● **WHAT TO WORK ON**
Which lines in the listing below contain "with"? Copy each of them.

++++ PROVIDED MATERIAL ++++

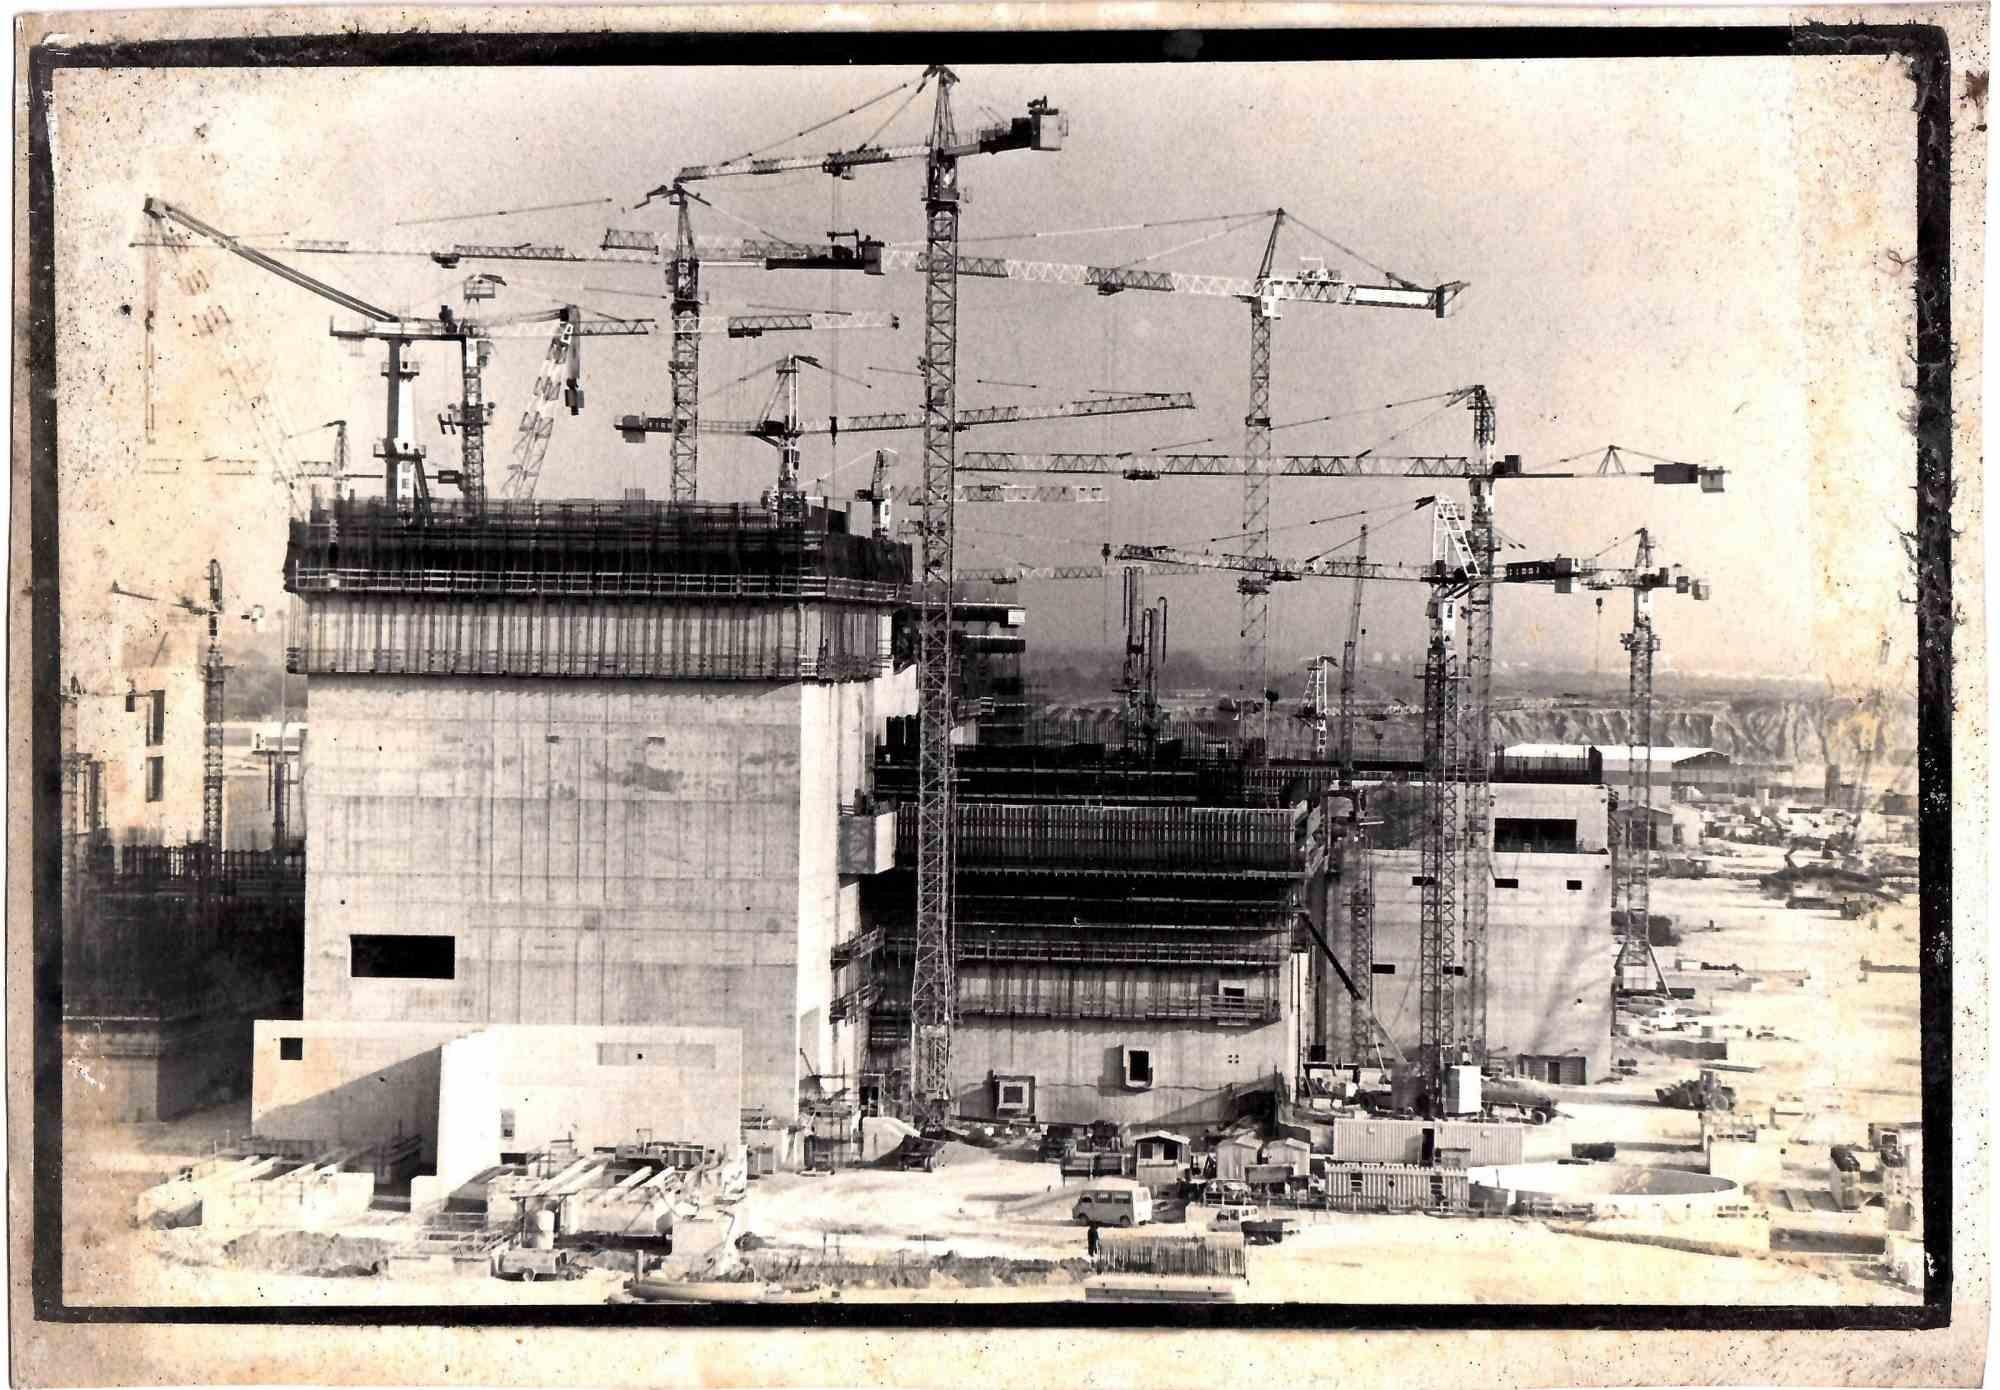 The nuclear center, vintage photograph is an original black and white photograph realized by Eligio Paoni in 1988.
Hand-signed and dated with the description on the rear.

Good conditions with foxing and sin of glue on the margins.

++++

● **SOLVED PROBLEM**
Hand-signed and dated with the description on the rear.
Good conditions with foxing and sin of glue on the margins.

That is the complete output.